◆ **DATA BELOW**
◆ ◆ ◆ ◆ ◆

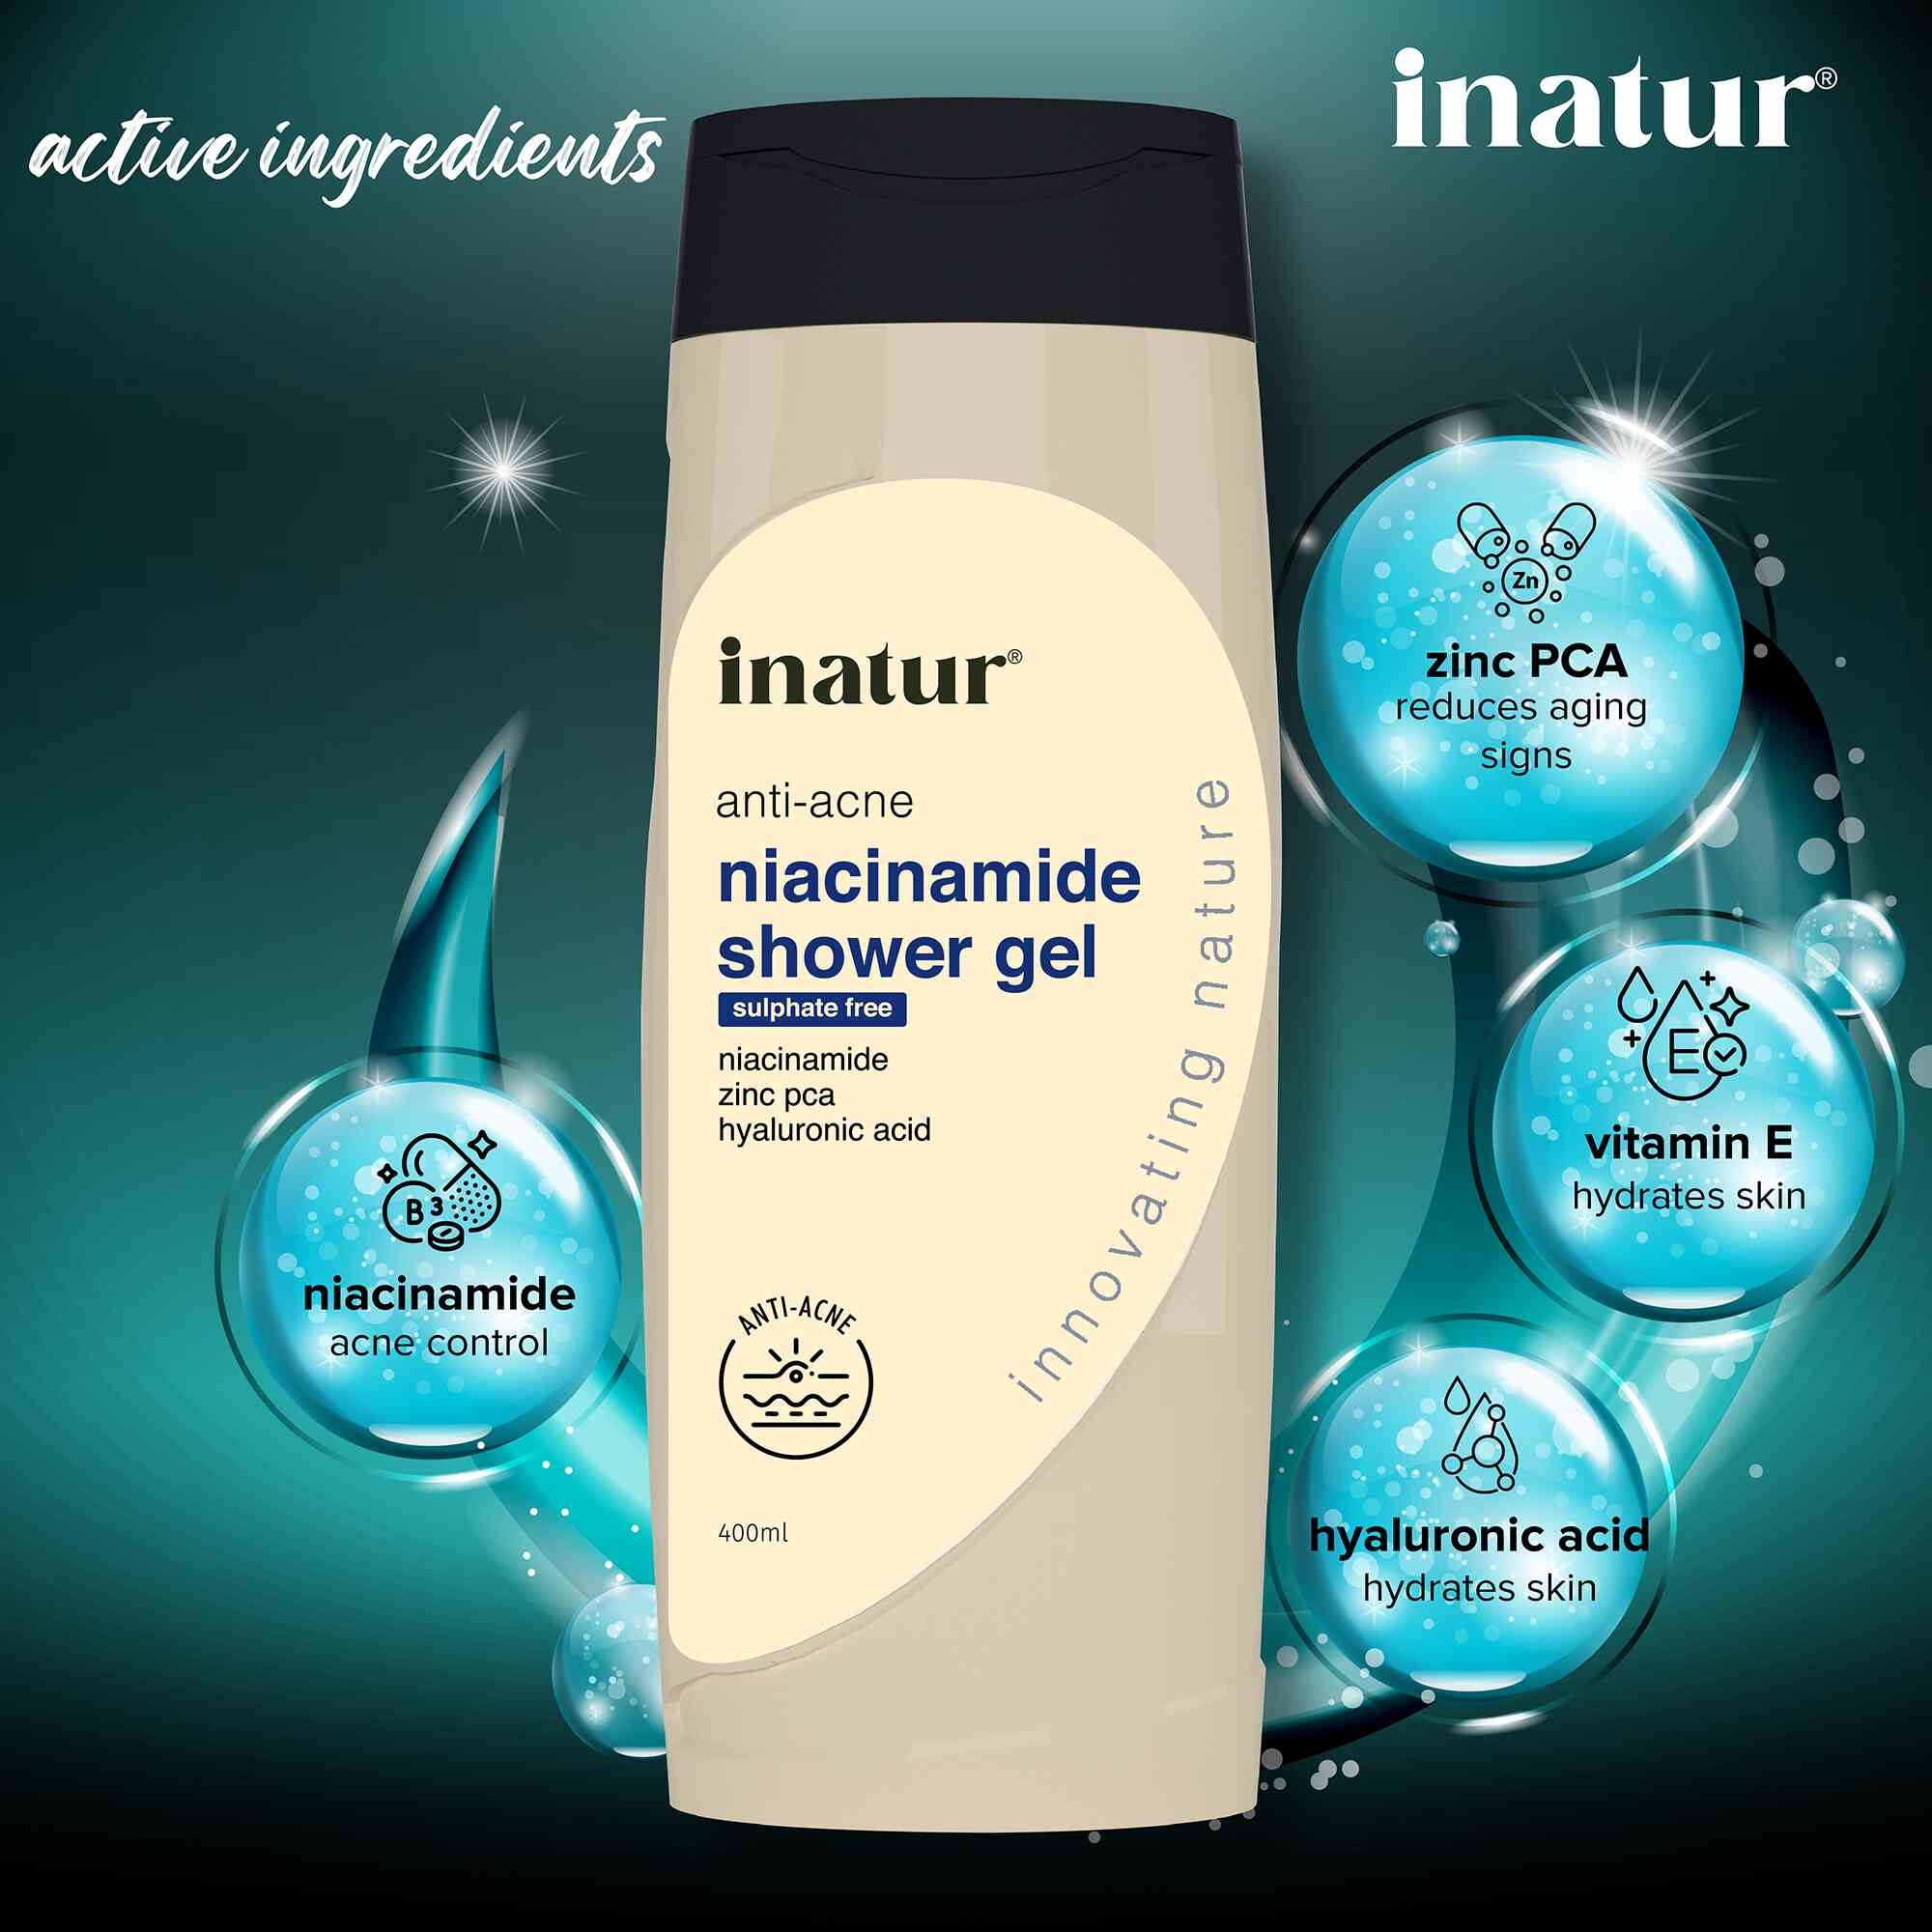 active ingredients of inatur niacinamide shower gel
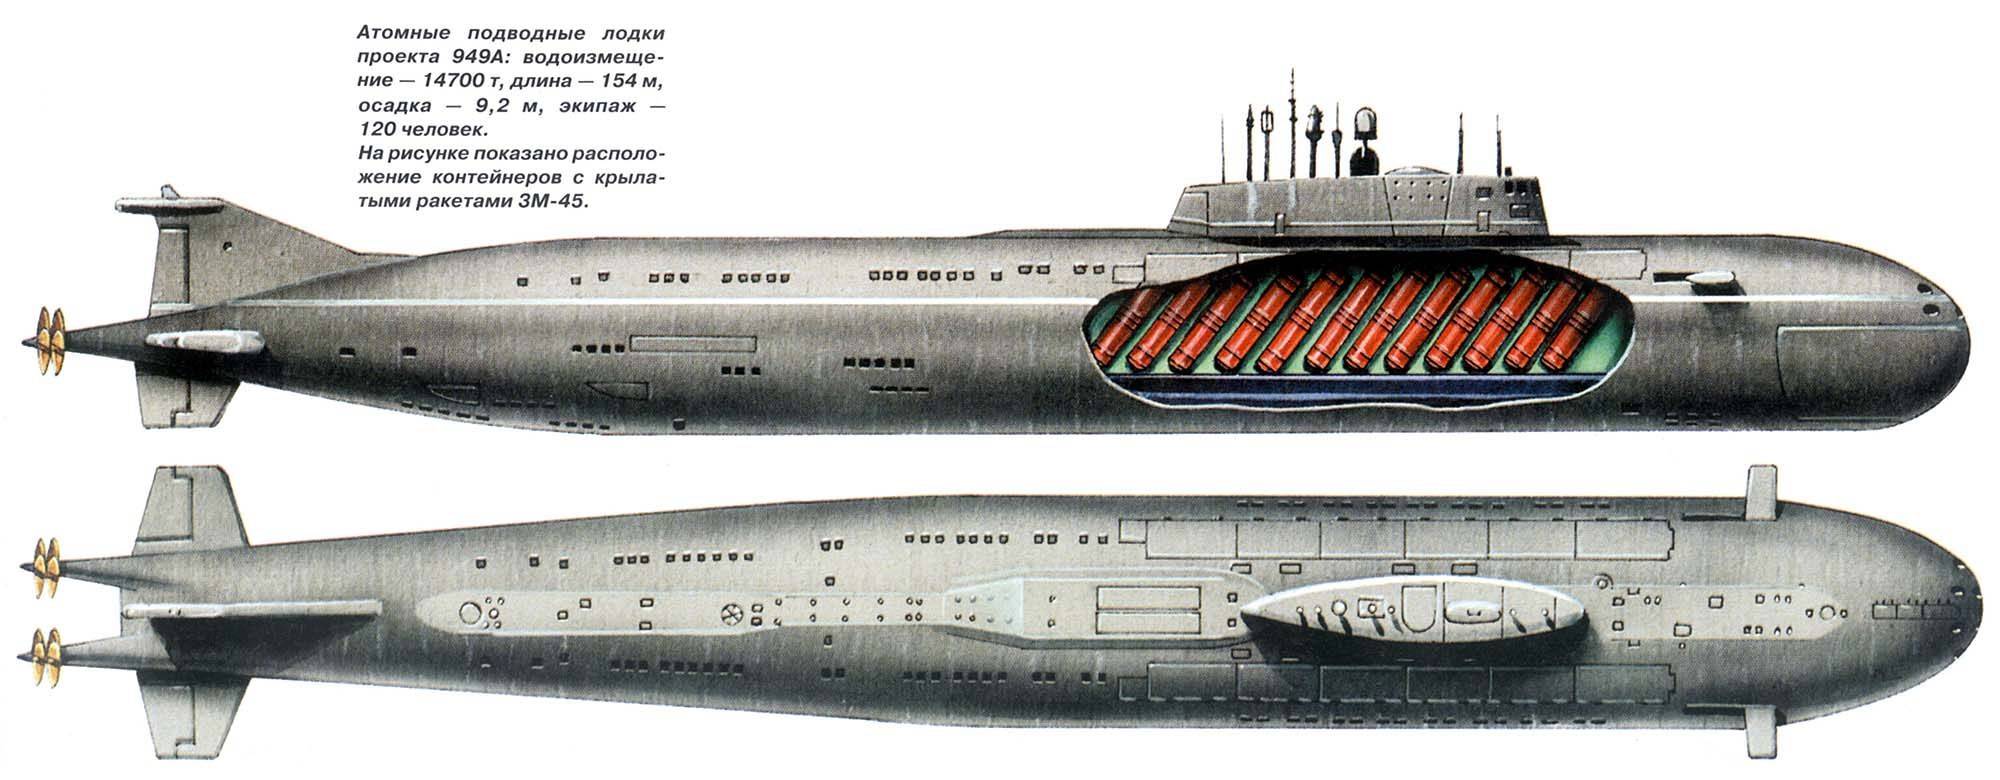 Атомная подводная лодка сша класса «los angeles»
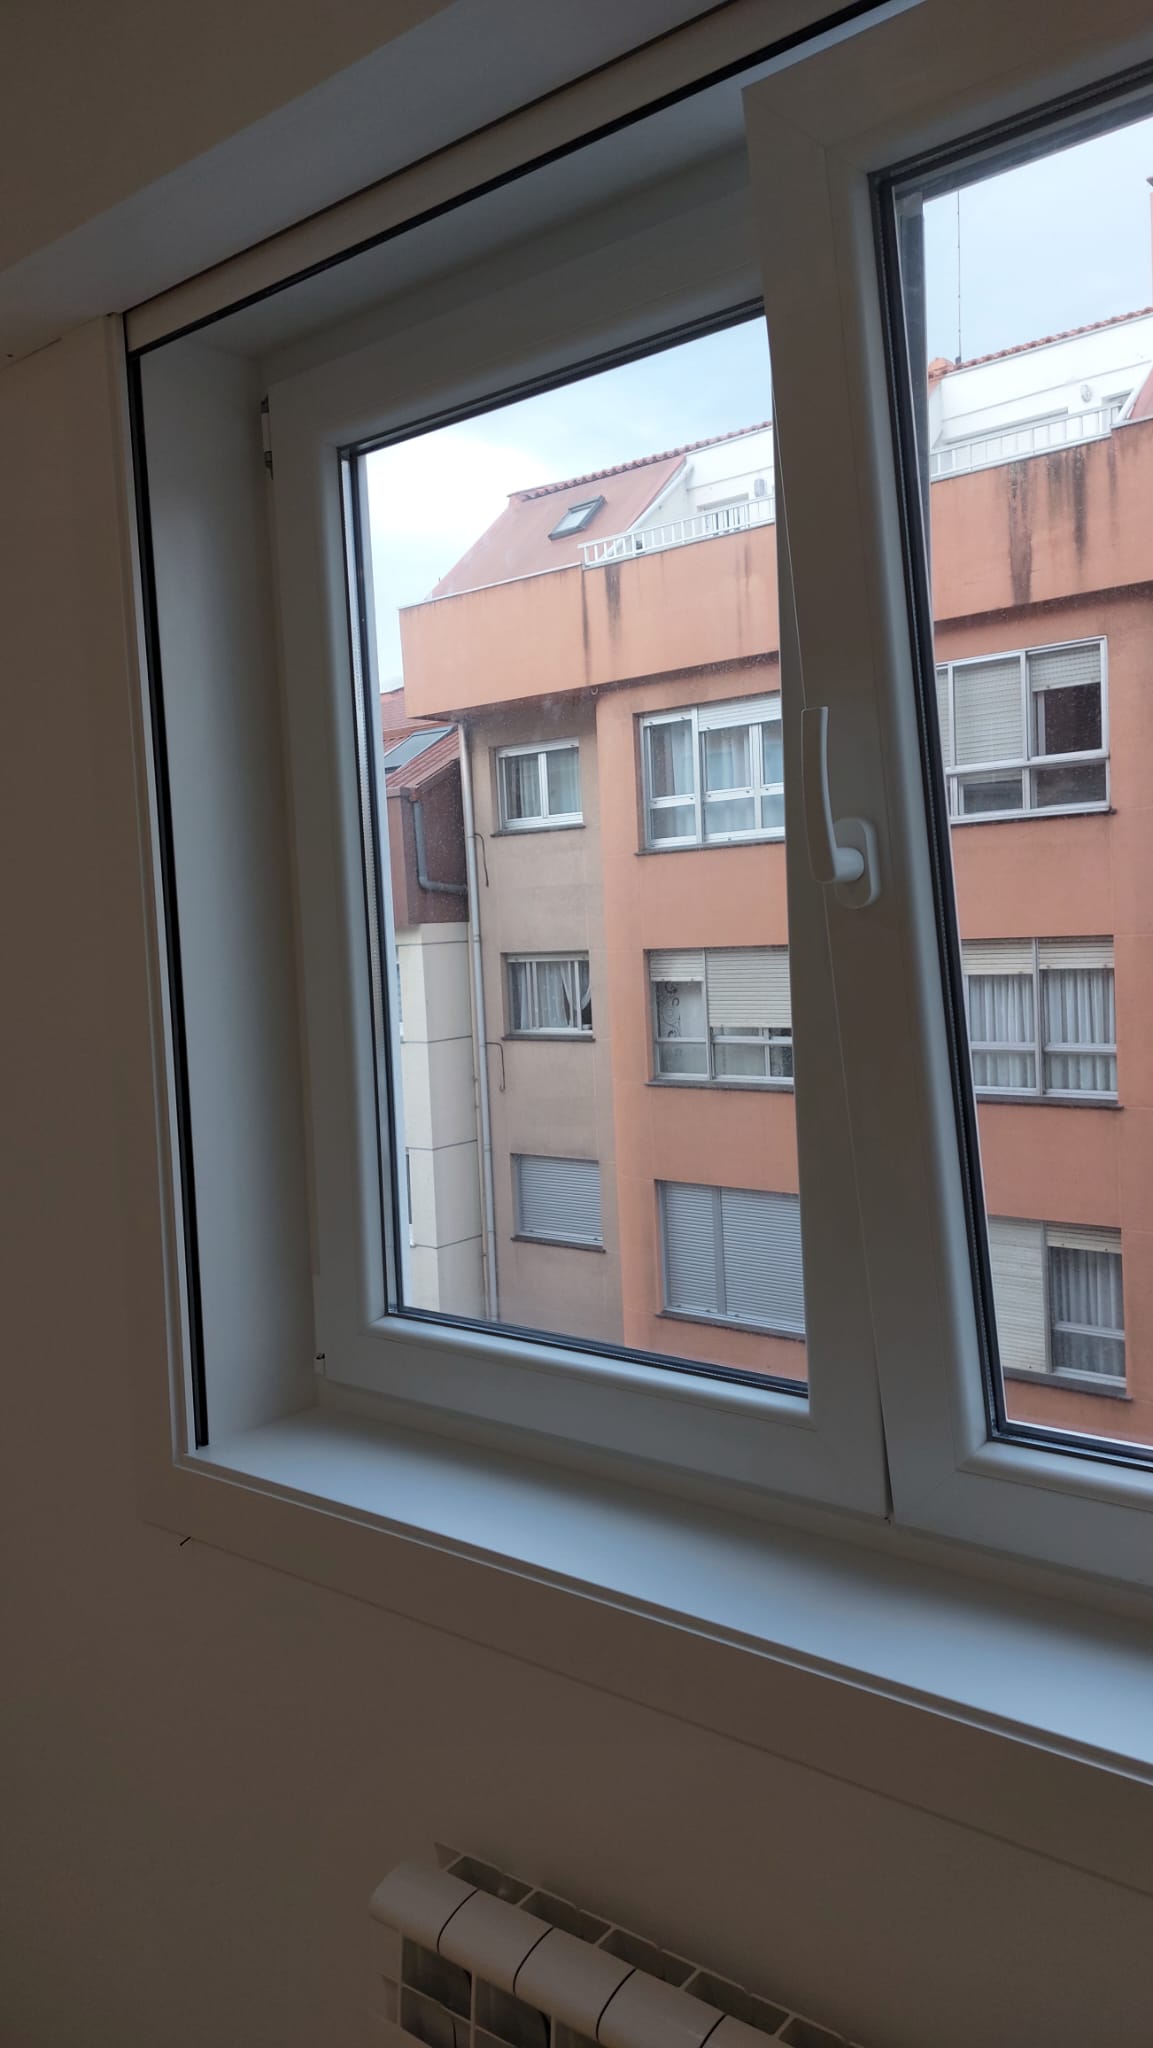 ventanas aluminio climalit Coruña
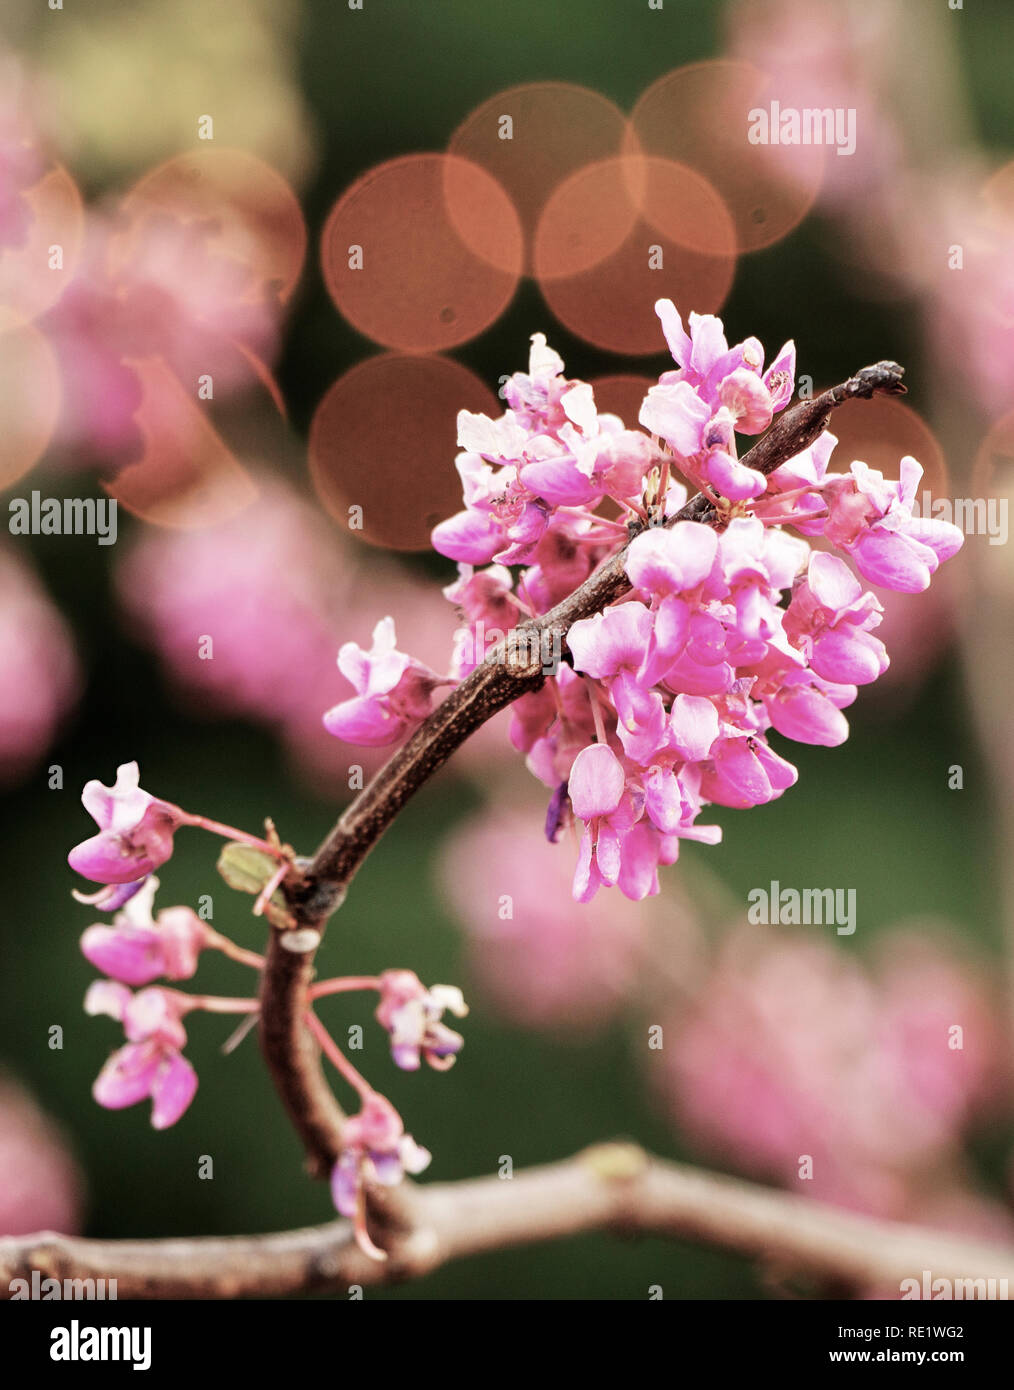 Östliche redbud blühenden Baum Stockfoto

◆ ◆ ◆ ◆ ◆

◆ **TASK TO CARRY OUT**
The whole listing should be printed again exactly as written, images excluded.

◆ **ANSWER SECTION**
 active ingredients of inatur niacinamide shower gel
 Атомная подводная лодка сша класса «los angeles»
 ventanas aluminio climalit Coruña
 Östliche redbud blühenden Baum Stockfoto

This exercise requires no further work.